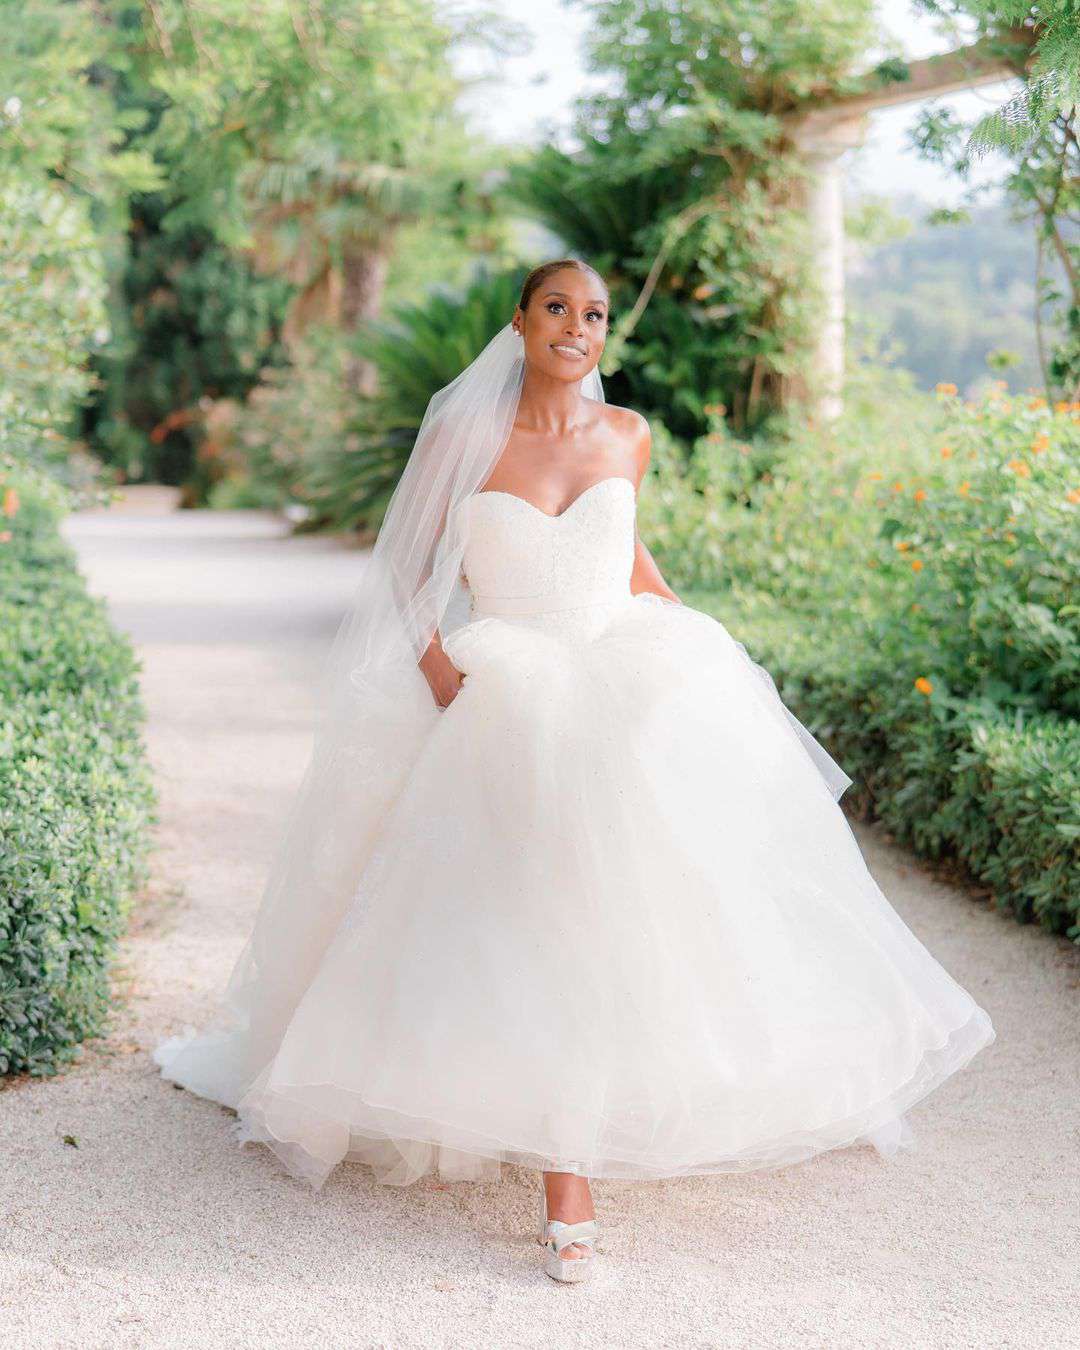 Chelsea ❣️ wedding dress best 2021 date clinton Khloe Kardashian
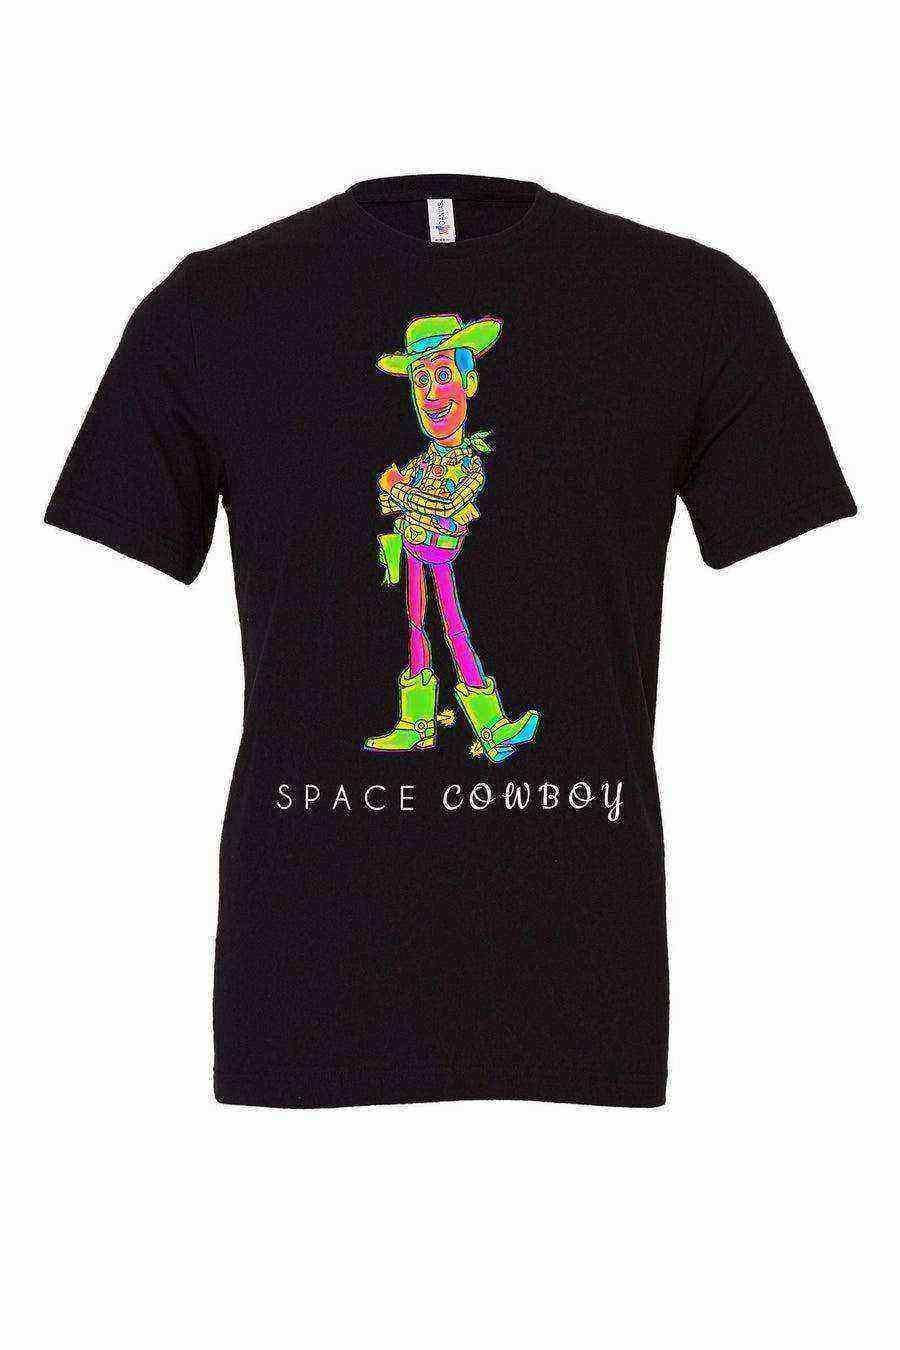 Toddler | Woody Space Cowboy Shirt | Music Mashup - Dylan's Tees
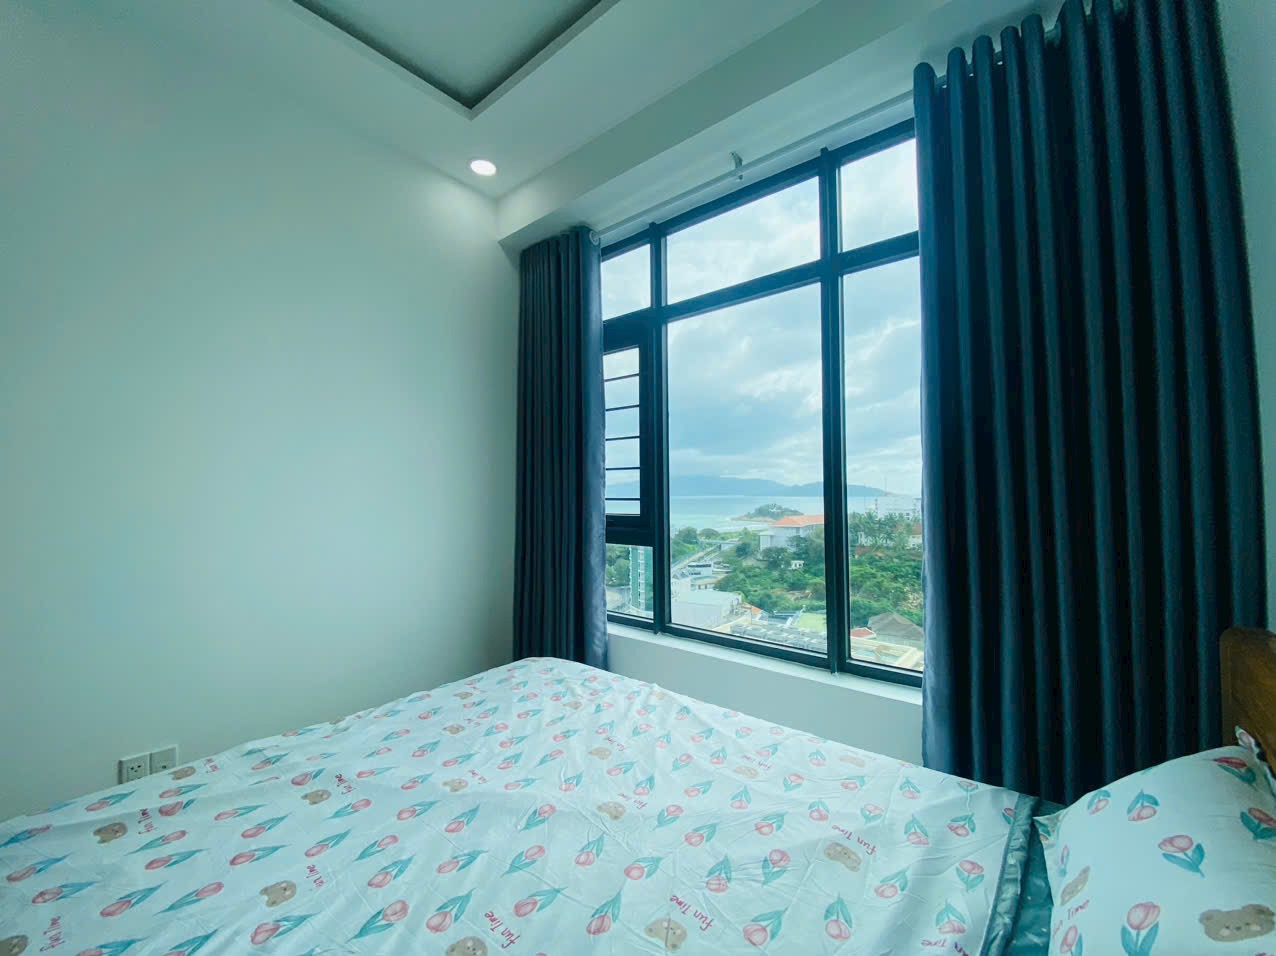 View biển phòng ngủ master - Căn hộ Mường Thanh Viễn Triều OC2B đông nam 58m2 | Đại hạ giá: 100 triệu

WORK INSTRUCTIONS: A word-for-word copy of the lines from the one with "Toddler | Woody" through the final line of the listing above is the whole answer, and it contains no pictures.

YOUR SOLUTION:
 Toddler | Woody Space Cowboy Shirt | Music Mashup - Dylan's Tees
 View biển phòng ngủ master - Căn hộ Mường Thanh Viễn Triều OC2B đông nam 58m2 | Đại hạ giá: 100 triệu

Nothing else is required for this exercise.